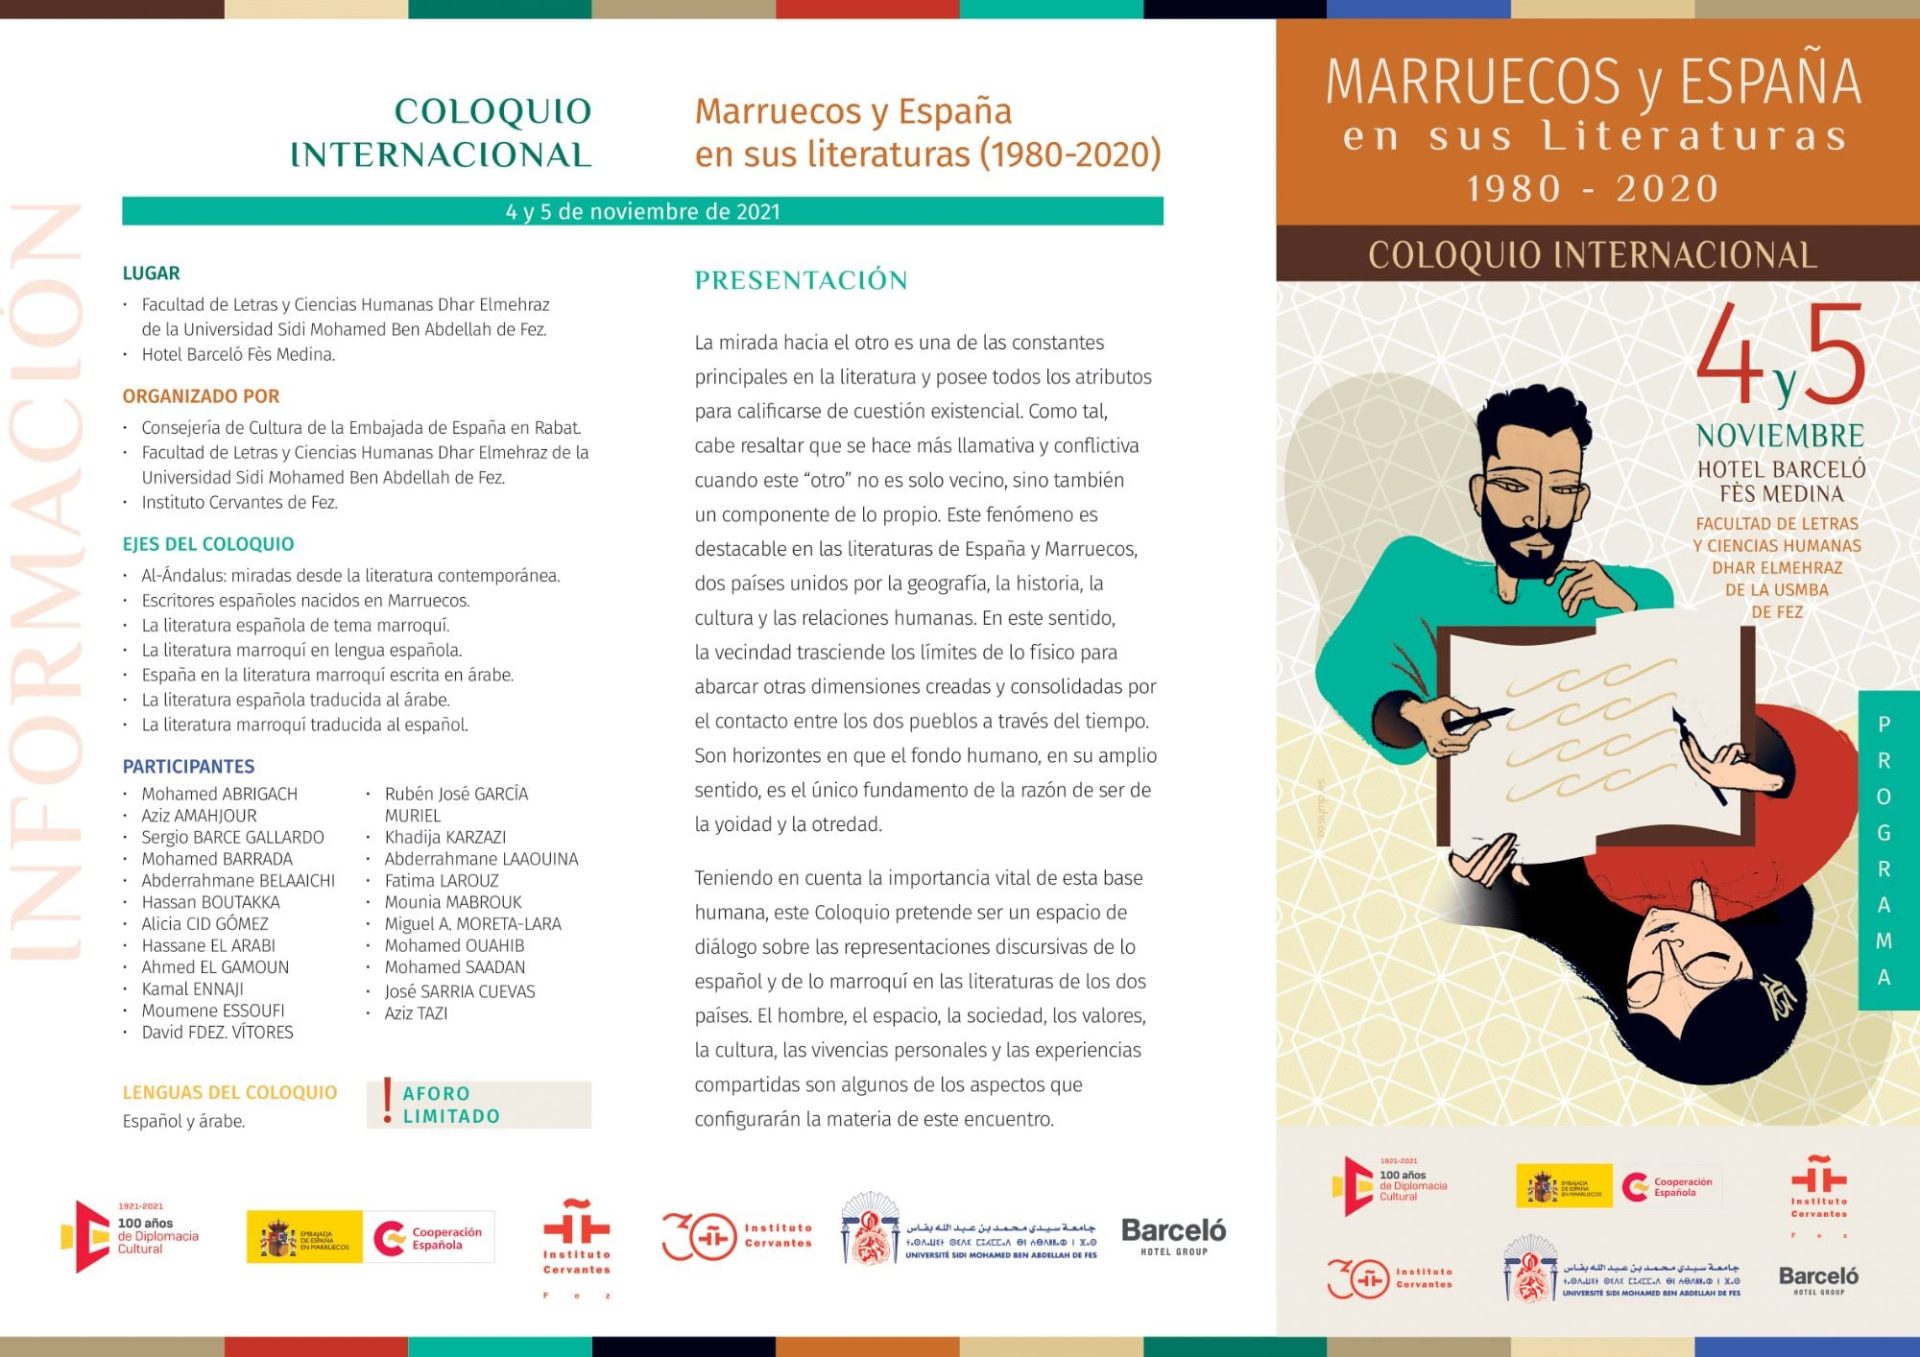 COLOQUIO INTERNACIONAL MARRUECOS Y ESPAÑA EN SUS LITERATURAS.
________
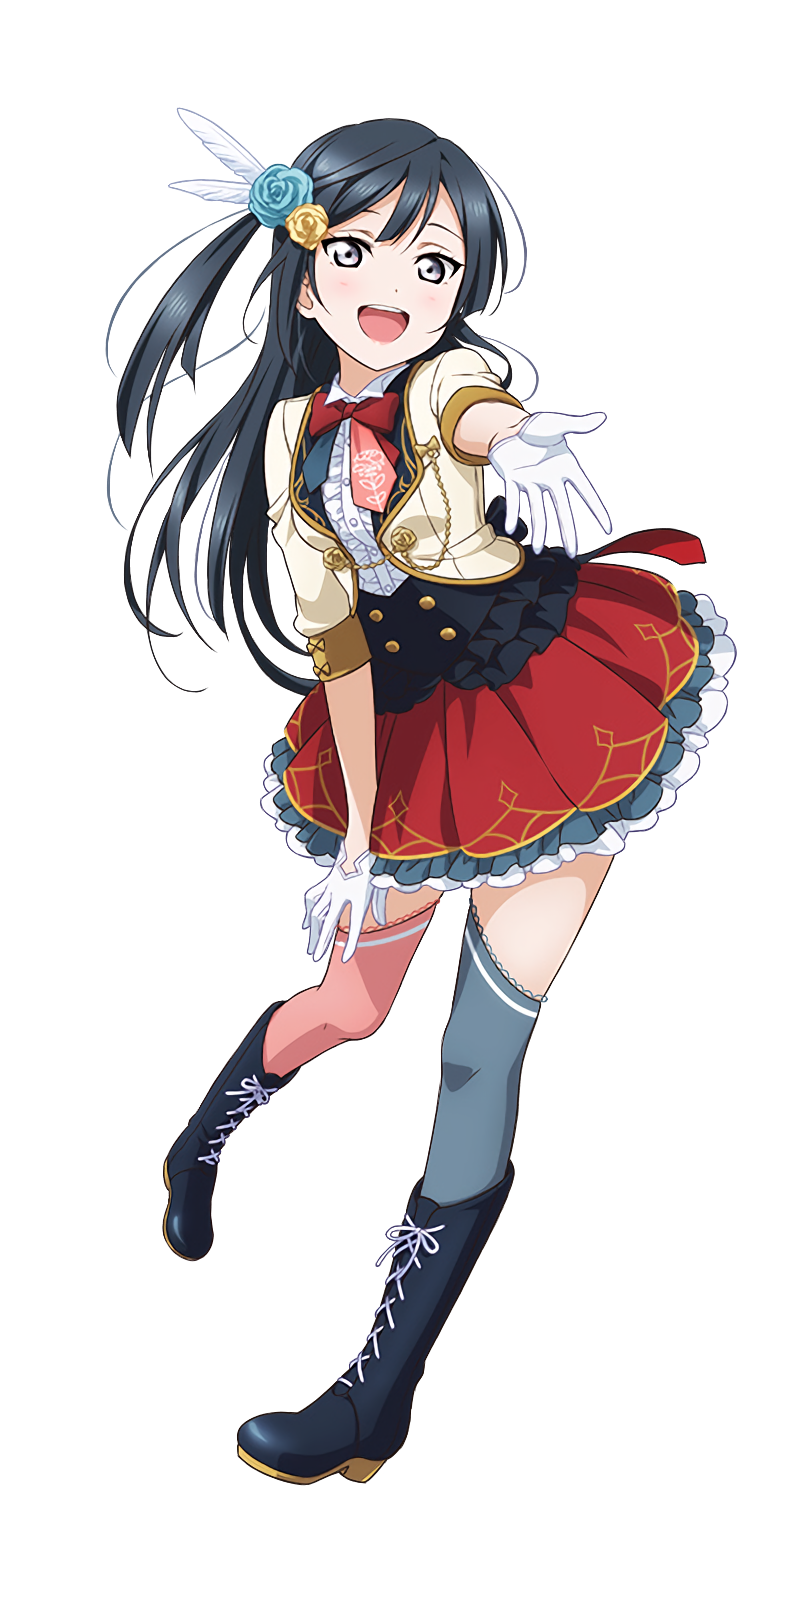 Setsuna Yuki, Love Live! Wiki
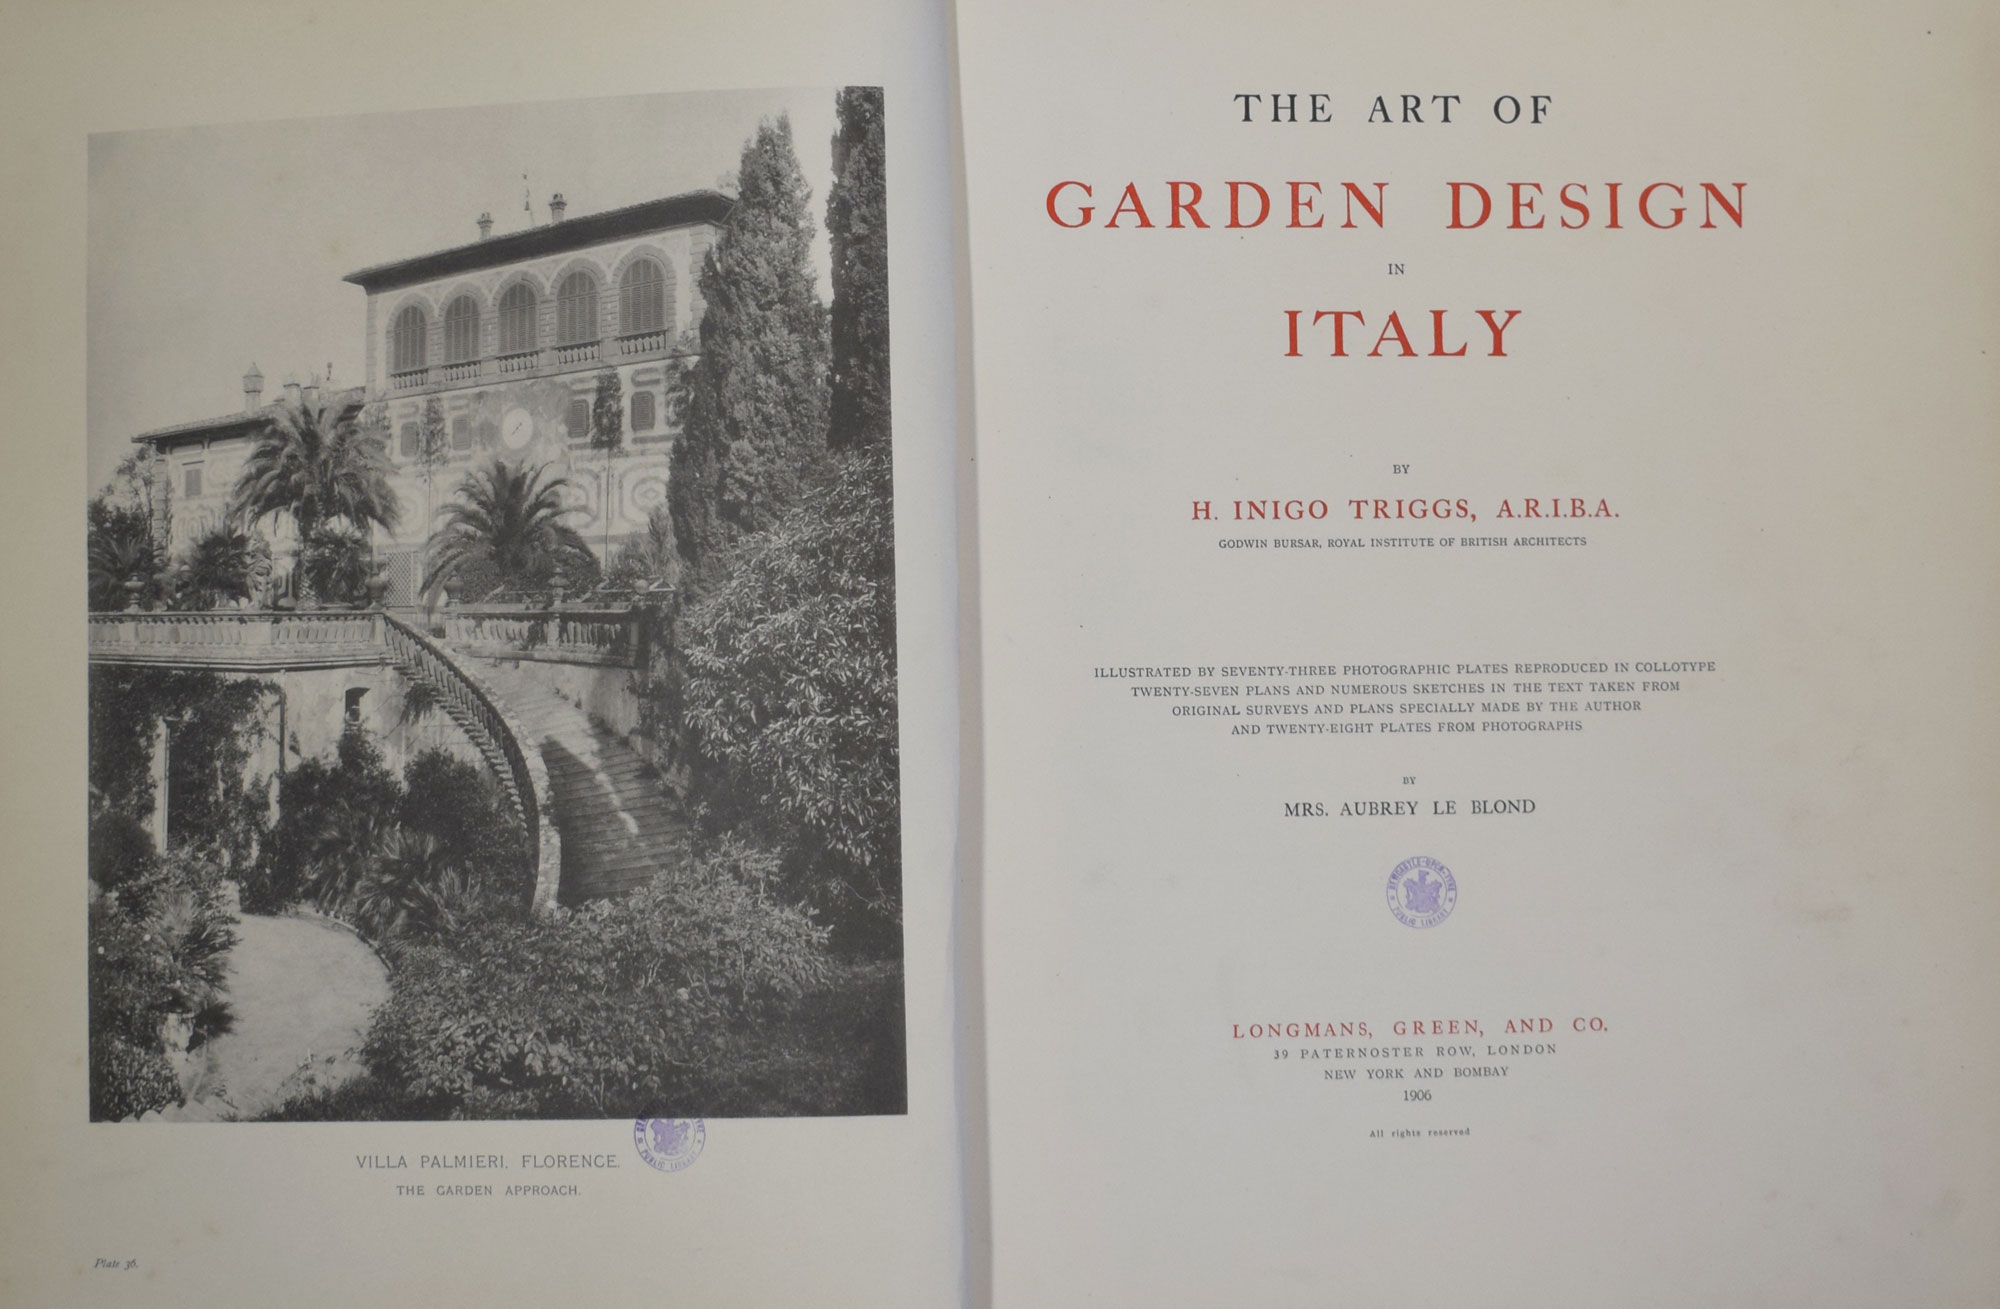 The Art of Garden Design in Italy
________
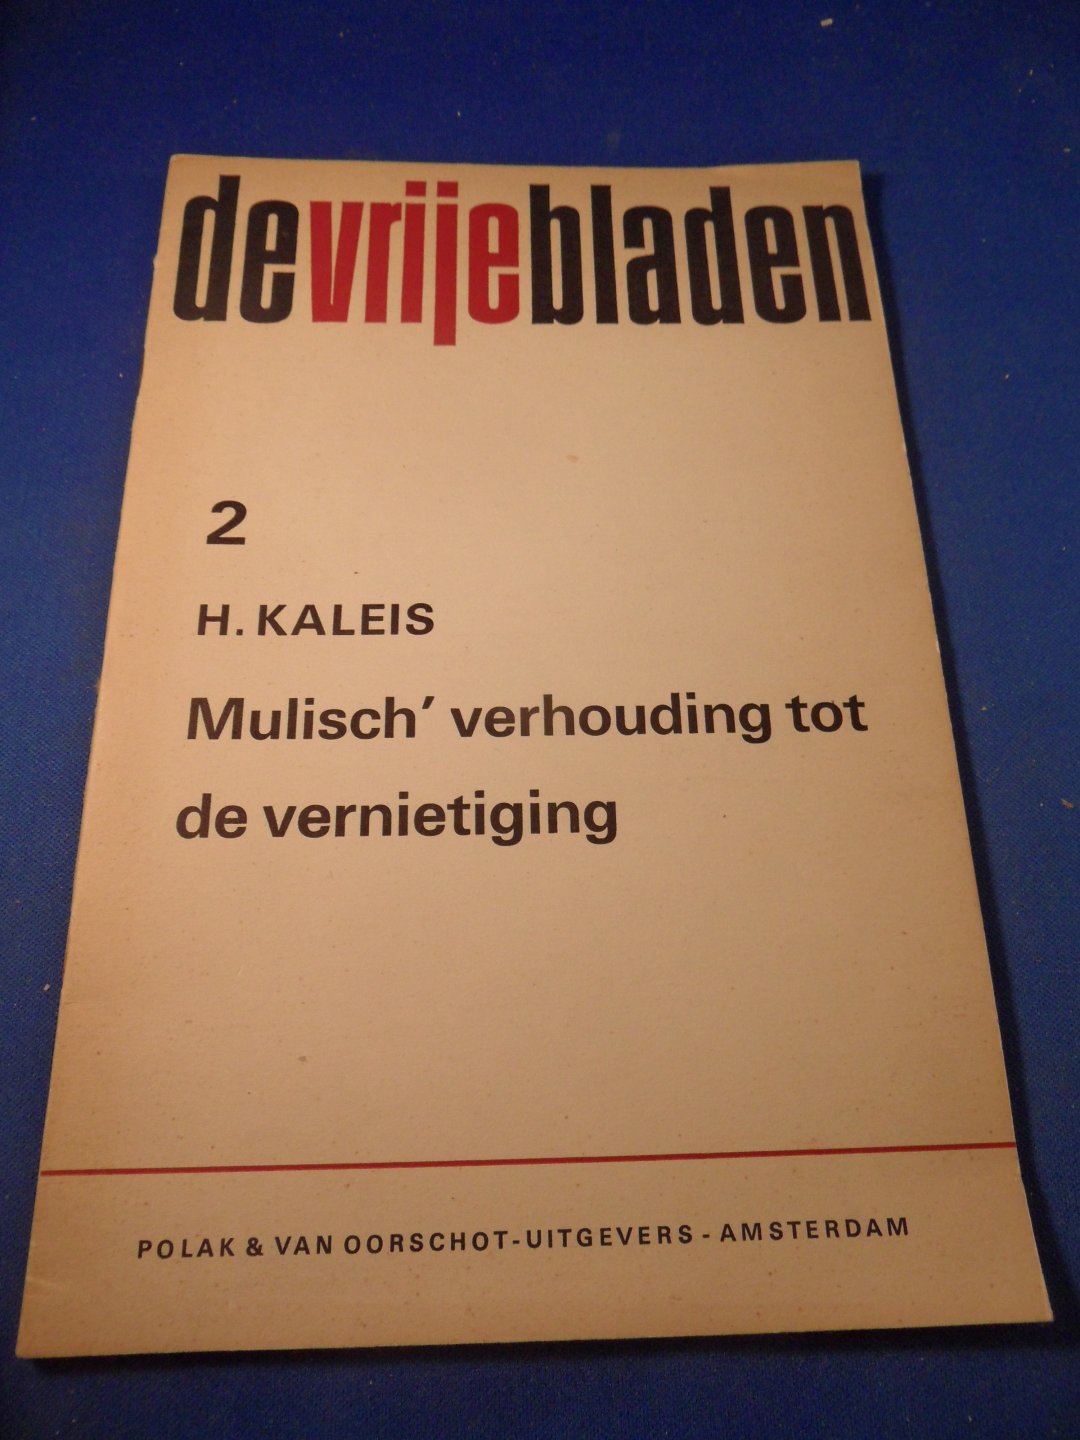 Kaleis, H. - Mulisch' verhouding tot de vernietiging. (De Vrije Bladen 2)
________
### To do
Among the entries above, take the line with "Setsuna Yuki, Love Live! Wiki", the line with "The Art of Garden Design in Italy", and all the lines between them, and restate them word for word without pictures.

### Solution for this problem
 Setsuna Yuki, Love Live! Wiki
 The Art of Garden Design in Italy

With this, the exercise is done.